**Task statement**
Copy all the data exactly, except the pictures.

Given data START

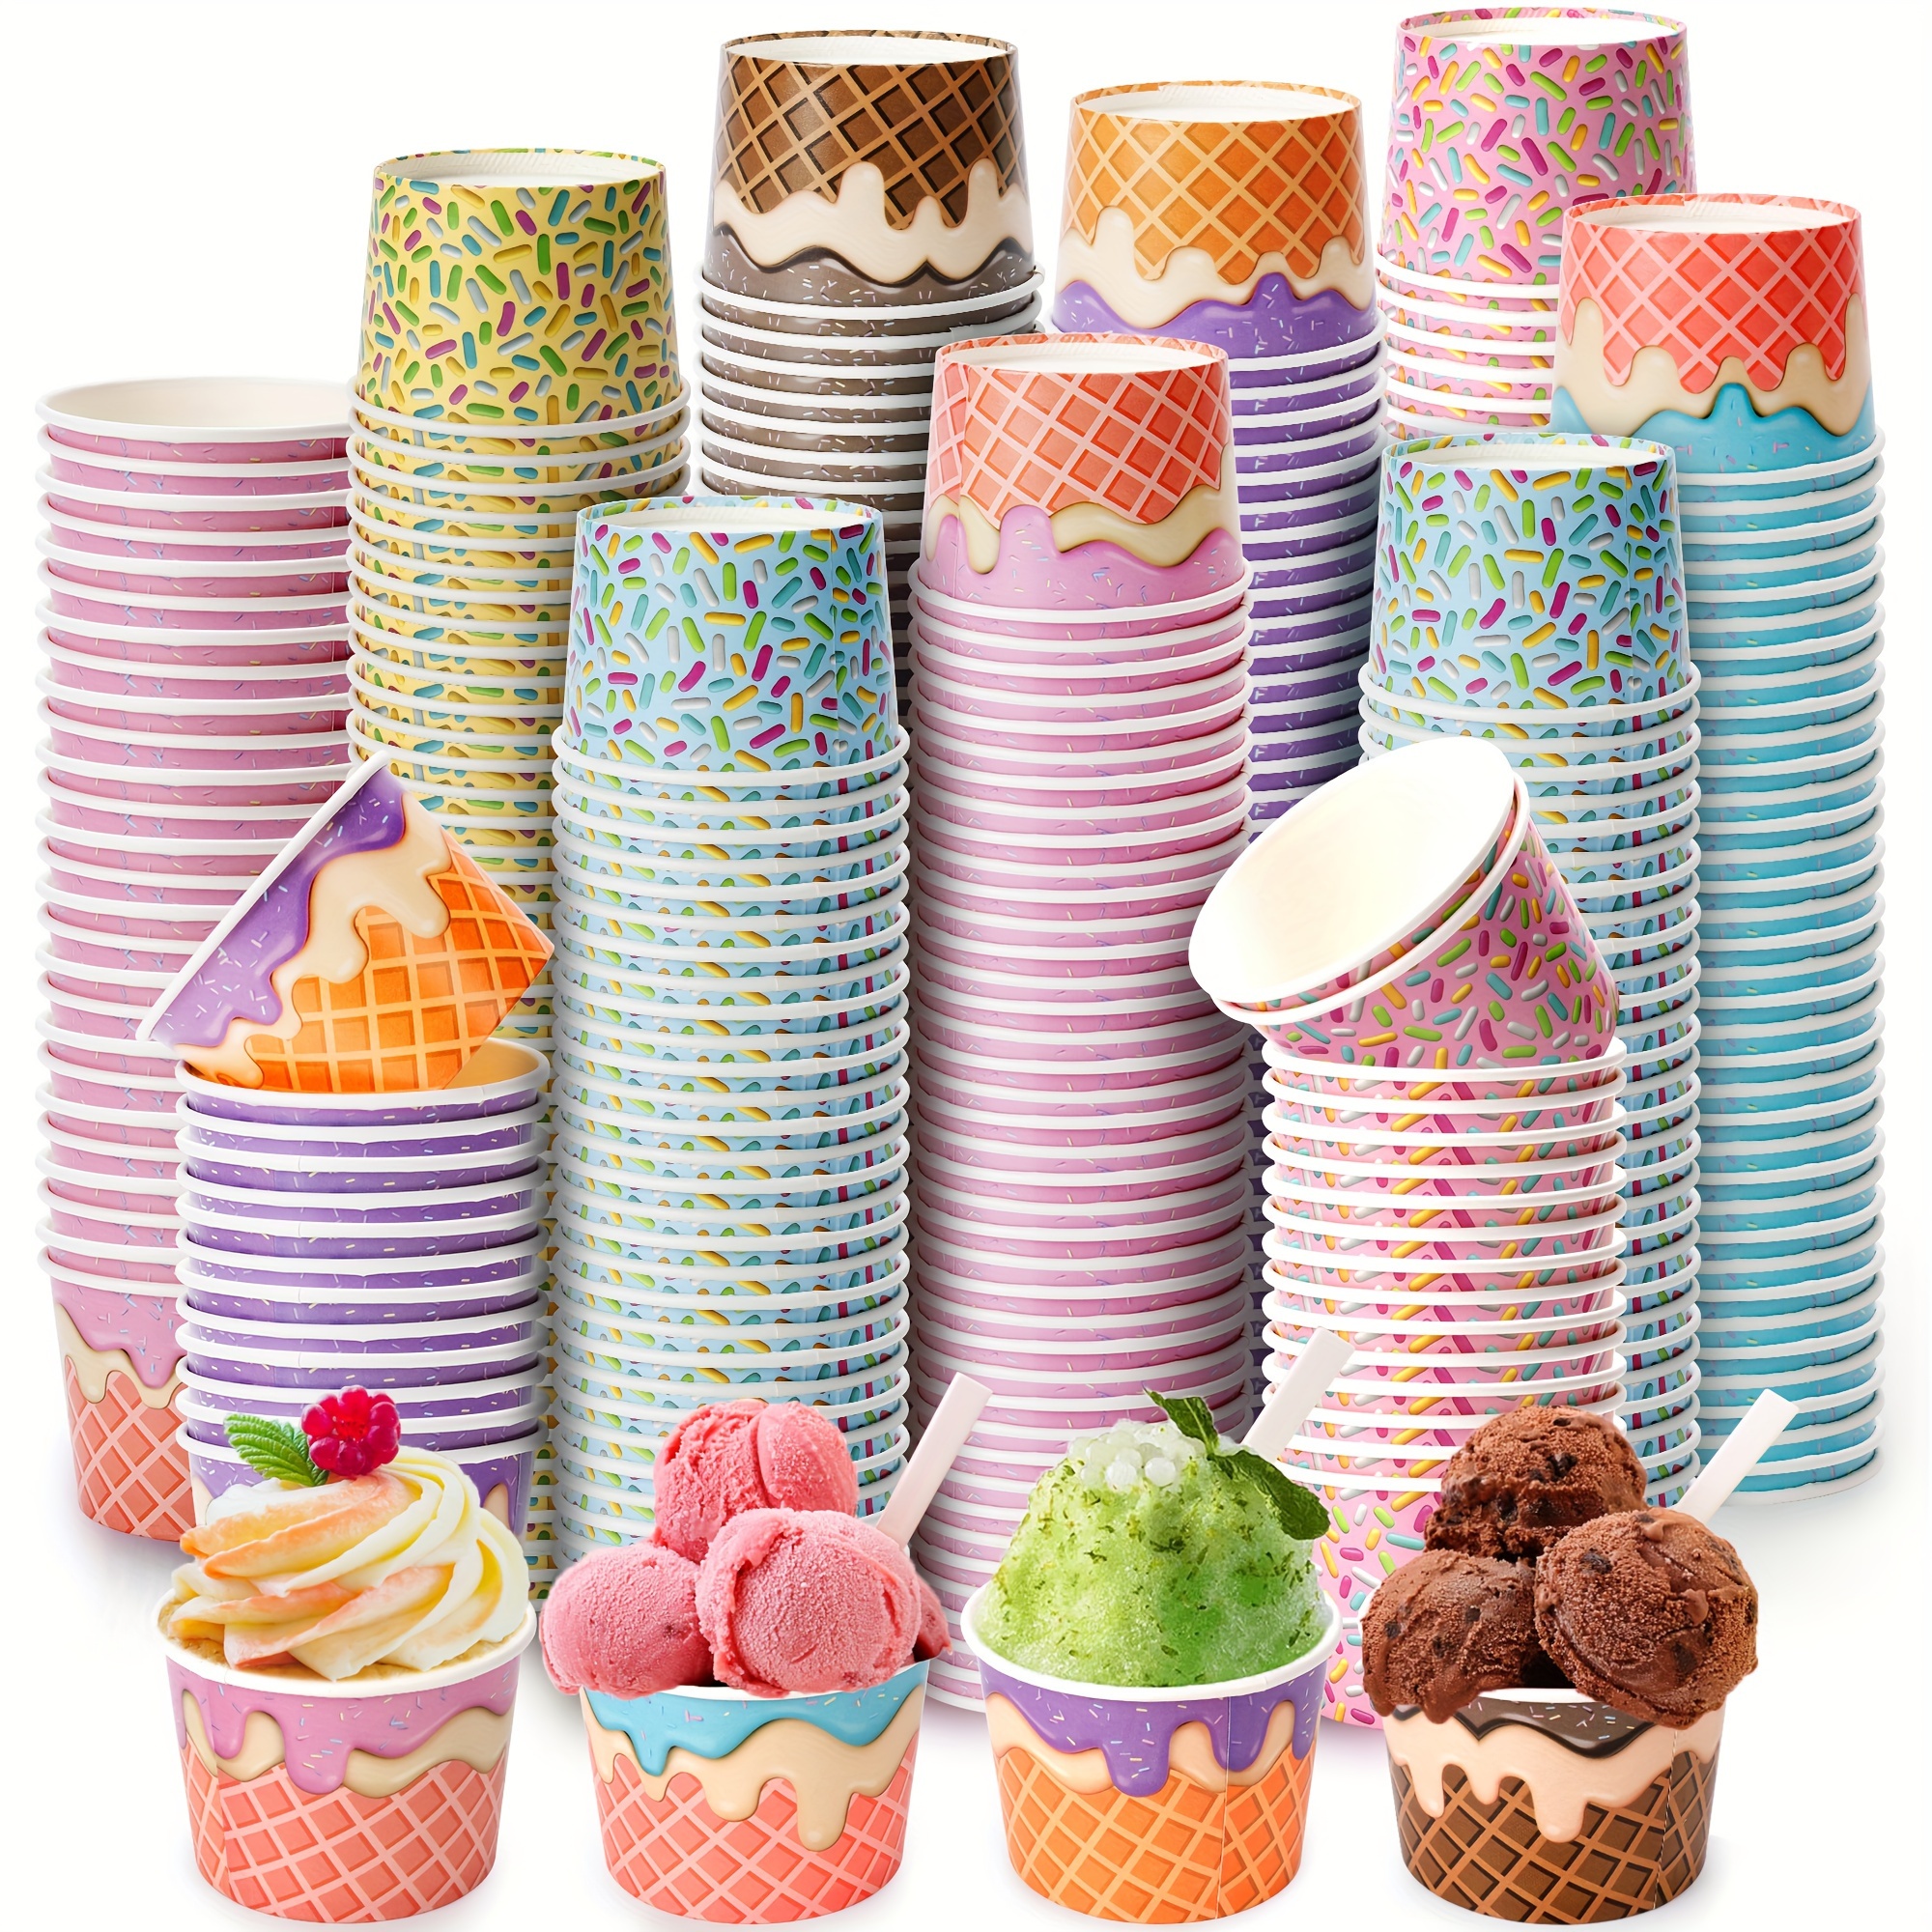 Personalized Ice Cream Cones Retro Ice Cream Bowl
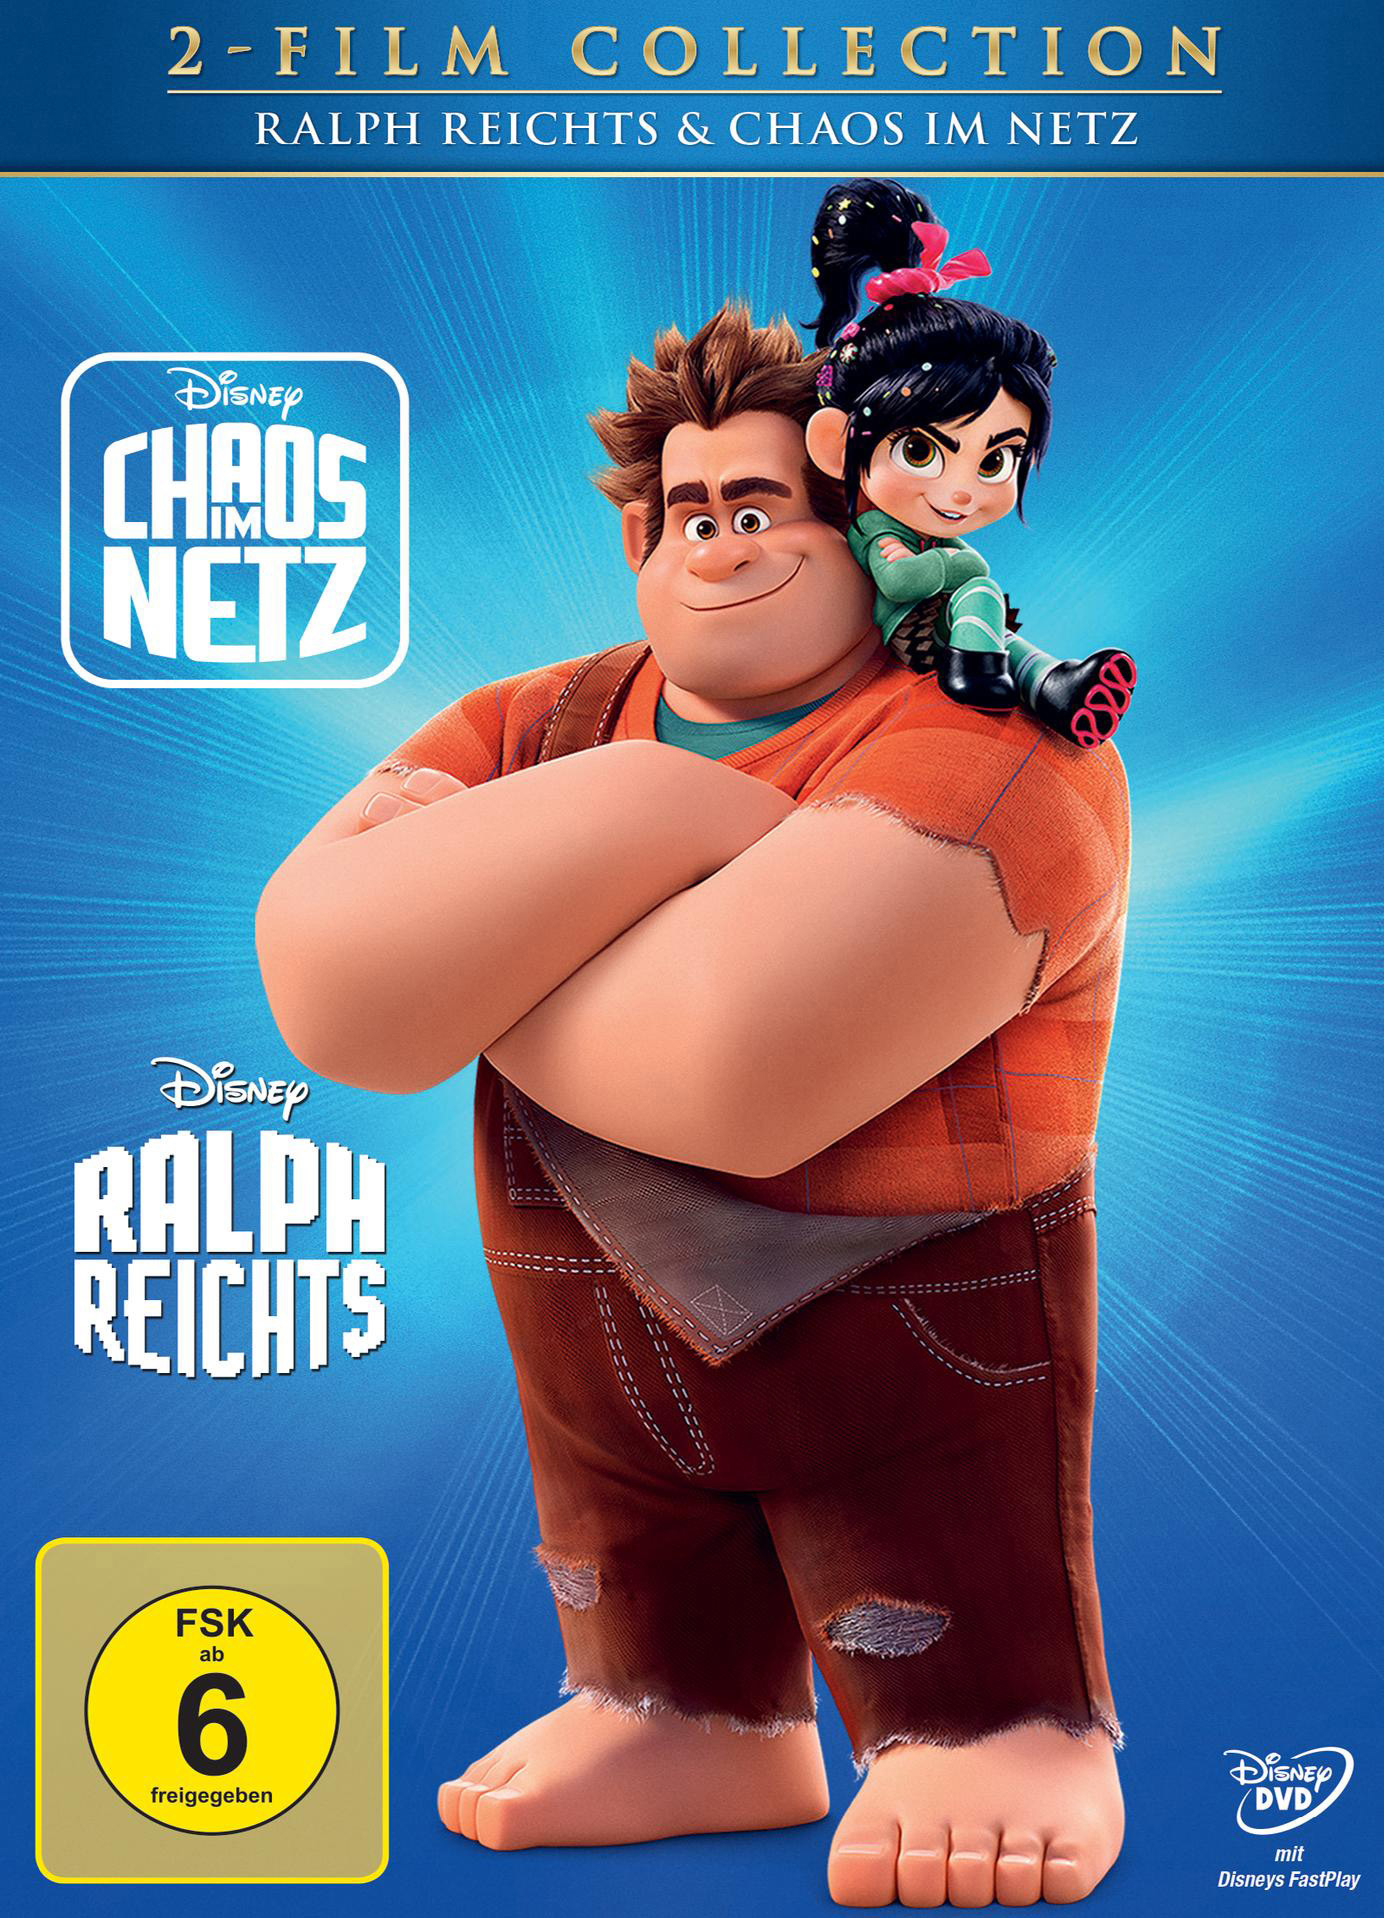 Ralph Classics Doppelpack) Chaos Netz + im DVD (Disney reichts
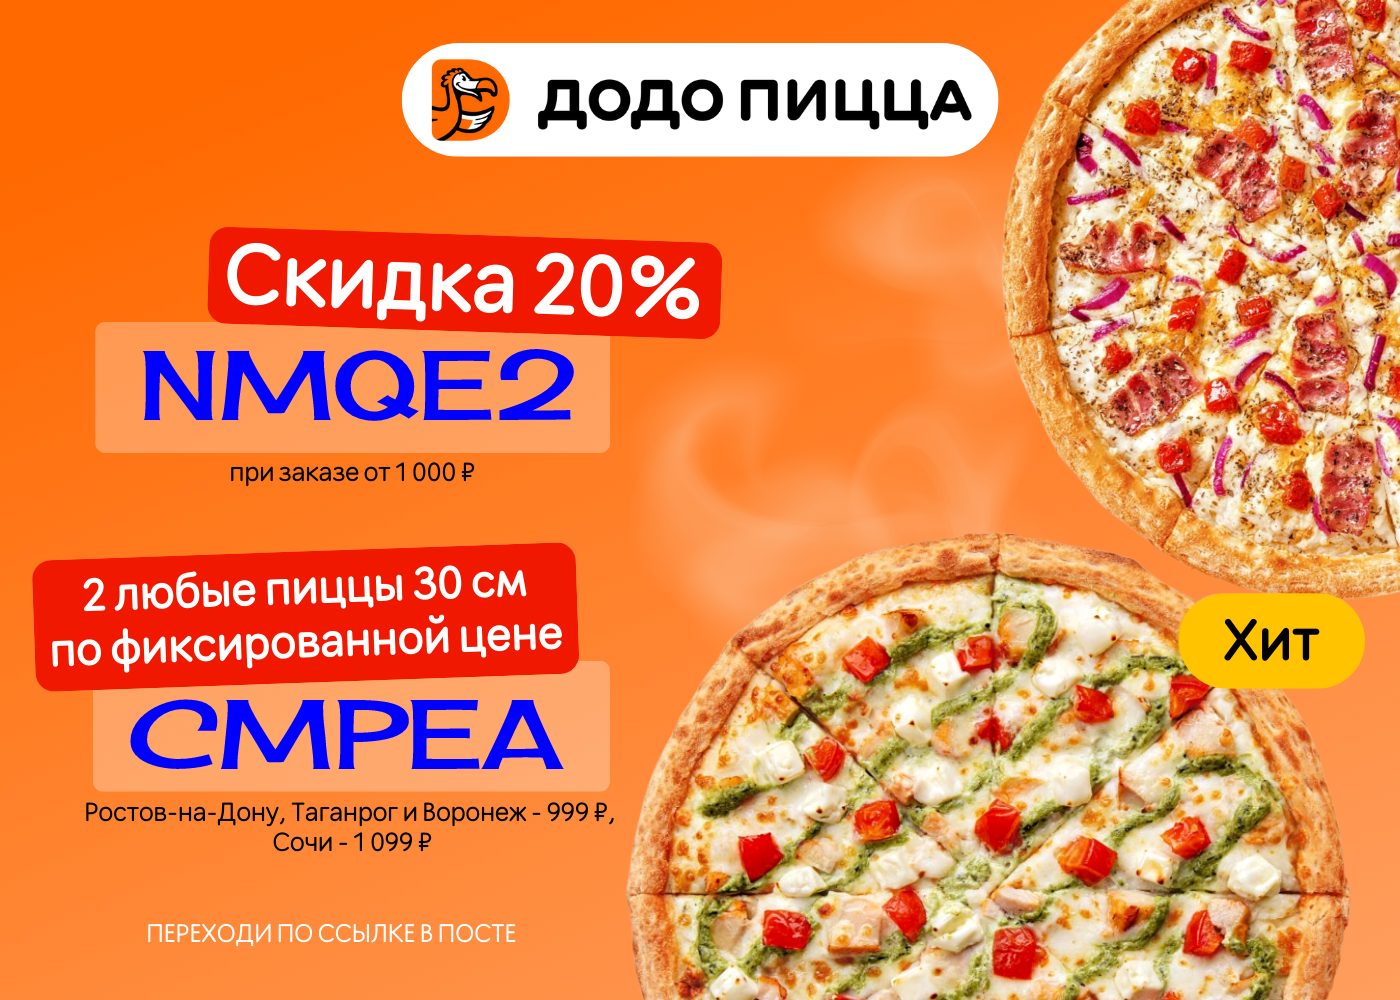 купоны алло пицца на скидку москва фото 29

Given data END

**Final answer**
 Personalized Ice Cream Cones Retro Ice Cream Bowl
 Ralph Classics Doppelpack) Chaos Netz + im DVD (Disney reichts
 купоны алло пицца на скидку москва фото 29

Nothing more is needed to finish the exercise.